R-i-i-i-ght. The issue isn't the concerted effort on the part of "The Club" - since before Trump's swearing in - to undo The Will of The People. The issue is Trump's big mouth.
Interesting to note how the markets have not panicked.
As always, Surber sees through the nonsense
ricpic, exactly what I think as I read these things. It's the point where I usually stop. And right there at the beginning too, pretty much always. It signals the writers superiority over Trump. It's some irresistible urge that finds expression between lines and in superfluous adjectives. Were it print we could just go through it and scratch out the childish editorializing and unmerited malinformed claptrap and extra malevolent partisan adjectives inserted childishly all over the place like I just did. All that clawing deprivation and screaming for attention beyond the straight information imparted.
Sounds like this:
Trump landed in Riyadh, and I am better than Trump, and was received with great fanfare, and I'm smarter than Tump, including an elaborate and posh red carpet stretched out to the tarmac, but I am immeasurably more moral than Trump, followed by an elaborate banquet and I do wish the man would stop tweeting, followed by crown prince sharing a hookah with emotionally unstable Trump.

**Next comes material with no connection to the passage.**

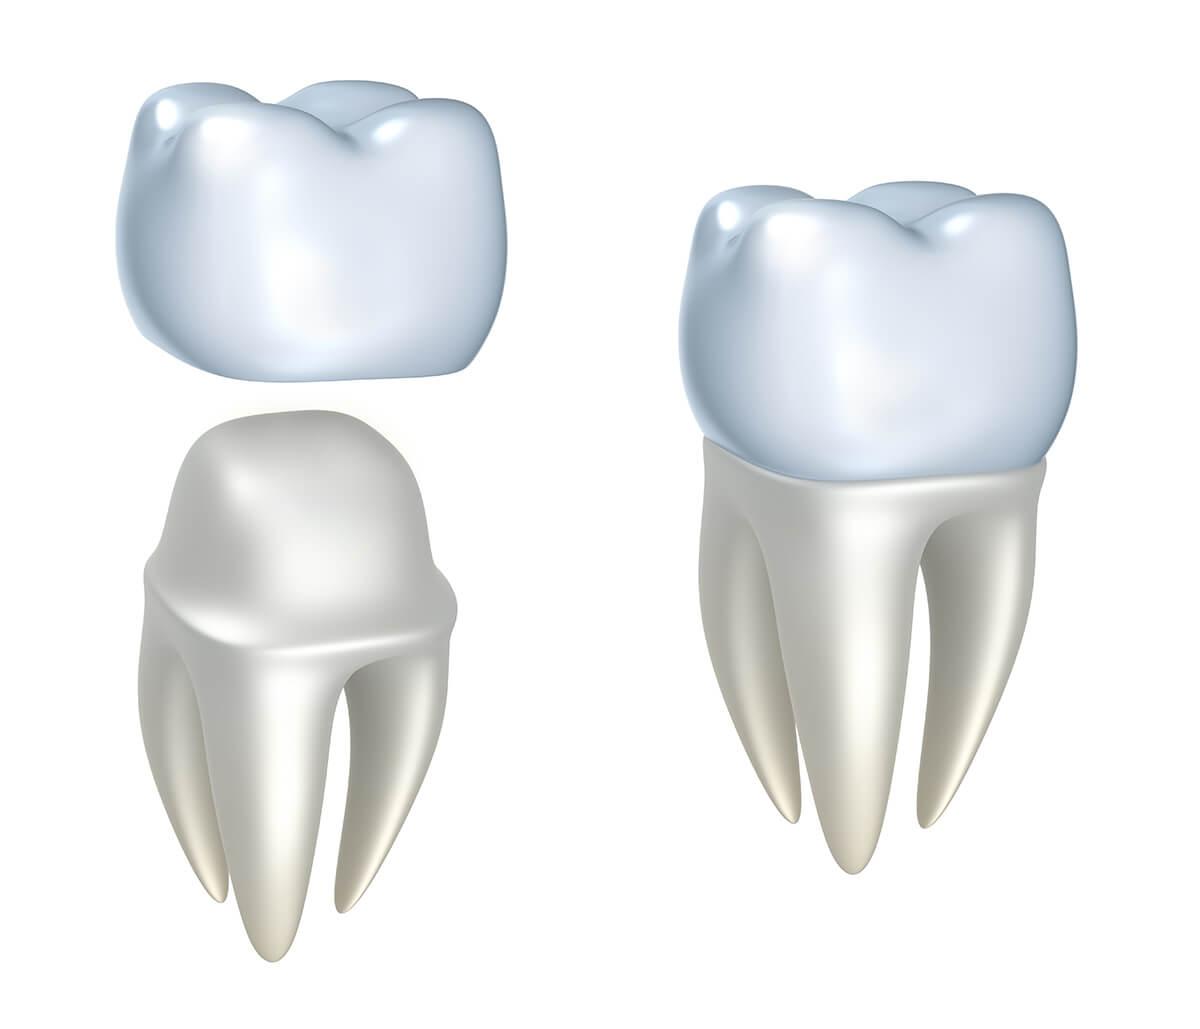 CEREC Crowns Dentist at Virtue Dental Care in Yadkinville NC Area

I've seen some fifteen million pieces that include this conceit already. Maybe twenty-five. Just now on one of new sites in my bookmark panel a piece on a solidly red wing site begins, "first of all I want my president to protect the country."
Good. First principles. This is great. We're fine.
"And Trump's inexperience and unpredictability terrify me."
Oh dear. That's serious. Too bad. Be duly terrified.
Sit there and shake and tremble. Piss yourself and publish your fears. Because, have you noticed the presidents of other countries are all quite mad? And madness vs madness in political leaders truly must terrify you. Hold your premise that Trump is untrustworthy and unqualified and flaky to be president and stay terrified. That's my recommendation. That is all so much more frightening than the trials we already endured of feckless incompetence, military reversals, economic stagnation, regulatory insanity, and inability to deal outside one's ideologic constraints, militarization of federal departments across the board, combined with 100% unwilling to reach across the aisle for anything along with daily televised provocations and racial antagonisms for eight solid years.
You poor thing. Bless your heart.
We keep hearing that conservatives want to take us back in history to a presumably simpler time when it is clear to politically unaffiliated observers that Democrat federal policies actually do hold back Americans economically.